LE TRANSFERT D’EMULSION
Le détachement de l’émulsion d’une photo polaroïd et, après, son transfert sur un autre support, est une activité qui est née comme un jeu, pour le goût d’essayer une technique qui exige beaucoup d’essais, mais qui donne sûrement des résultats étonnants et instructifs : du point de vue de la sélection de l’image qui convient, et des grands changements que cette activité a apportés dans le langage photographique.
Après qu’on a fait les premiers essais, qu’on a acquis l’expérience manuelle nécessaire et qu’on a mis au point des règles à suivre, l’illumination immédiate pourrait arriver (ou au moins nous espérons qu’il s’agit vraiment de ça). Nous pourrions agir comme le photographe italien Ugo Mulas dans ses Verifiche (Vérifications), et découvrir la nature zen de la photographie.
Tout est devenir, tout bouge de façon continuelle et ordonnée, comme les ondes. Elles arrivent à la plage et s’en vont toujours, imperturbablement, avec persistance. Elles bougent toujours à la même façon, elles sont toujours proches et toujours éloignées, elles donnent l’impression de partir mais après elles reviennent.
C’est la même chose pour les photos dans les tiroirs, pour les tirages bien rangées ou encadrés, pour les images groupées ou éparpillées, données, perdues ou oubliées. Ces image ne sont plus l’objet final de notre expérience en tant que photographes : si nous allons en arrière, aux racines de notre parcours, il y a les négatifs, les sources de notre mémoire. Ces morceaux de pellicule ont été les témoins, dans la partie la plus sombre d’un appareil photo, d’un fragment infinitésimal de notre vie et de la vie des autres.
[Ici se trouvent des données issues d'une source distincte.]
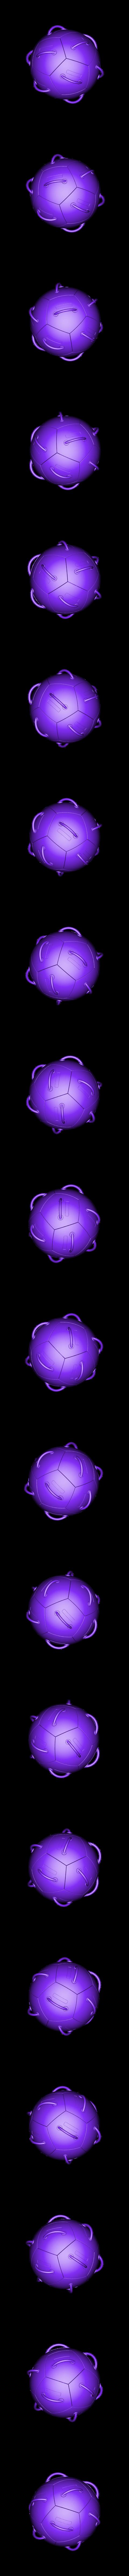 Drawer Organizer.stl Download STL file Spherical Drawer Organizer  • 3D printing object, SE_2018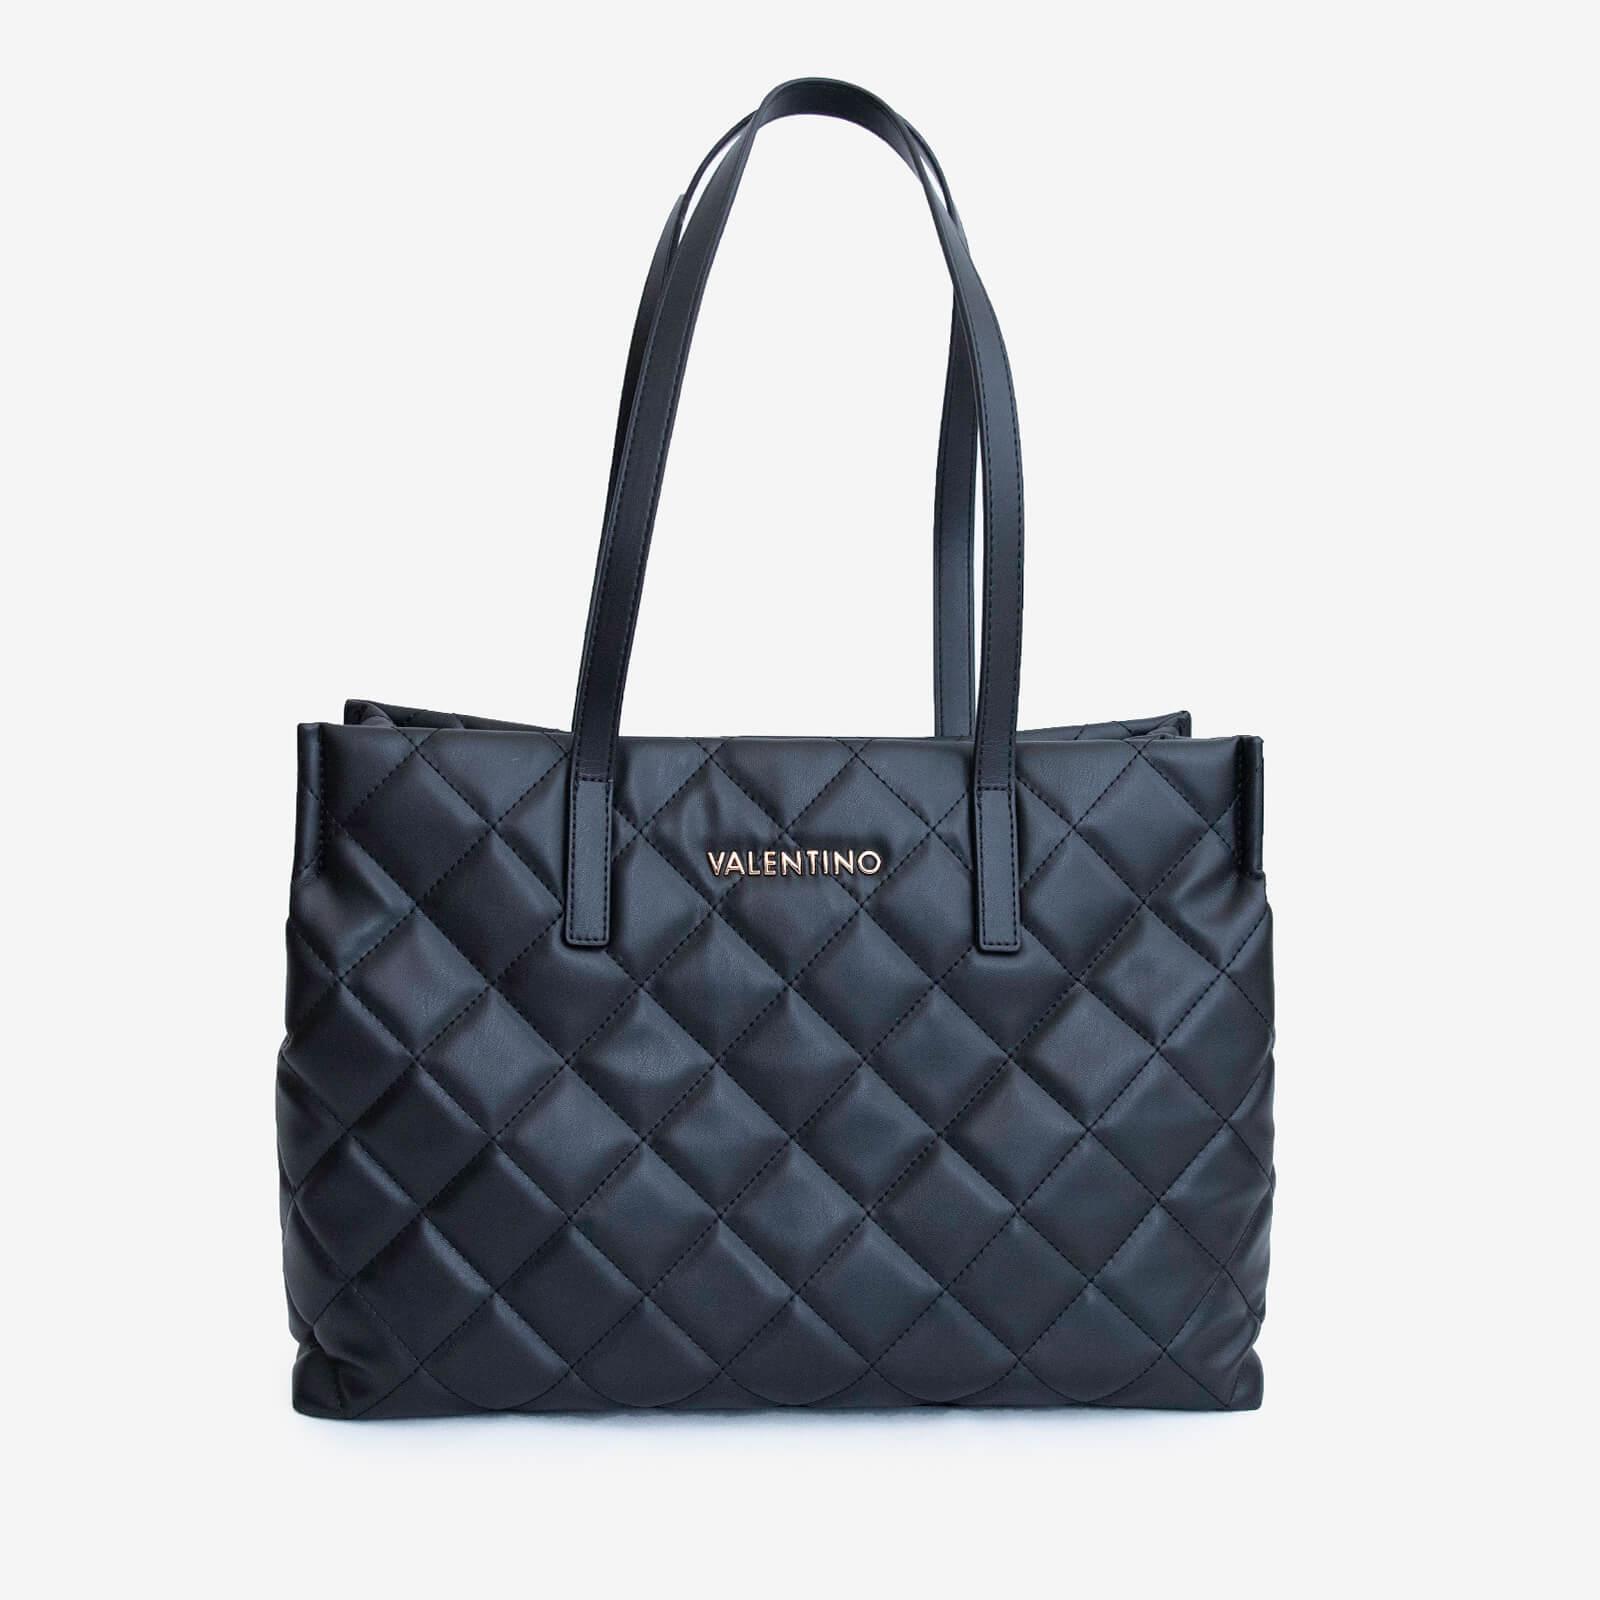 Valentino Bags Women's Ocarina Tote Bag - Black

On peut et on doit faire revivre ces négatifs, ces moments oubliés, pour obtenir la sève qui nous expliquera l’essence du devenir constant de nous-mêmes et du monde connu.
Visages, corps, comportements, mots, pensées, instants, heures, œuvres et jours. Tout peut revivre.
Parce que tout est zen, tout est devenir.
La photographie aussi.
Notre mémoire aussi.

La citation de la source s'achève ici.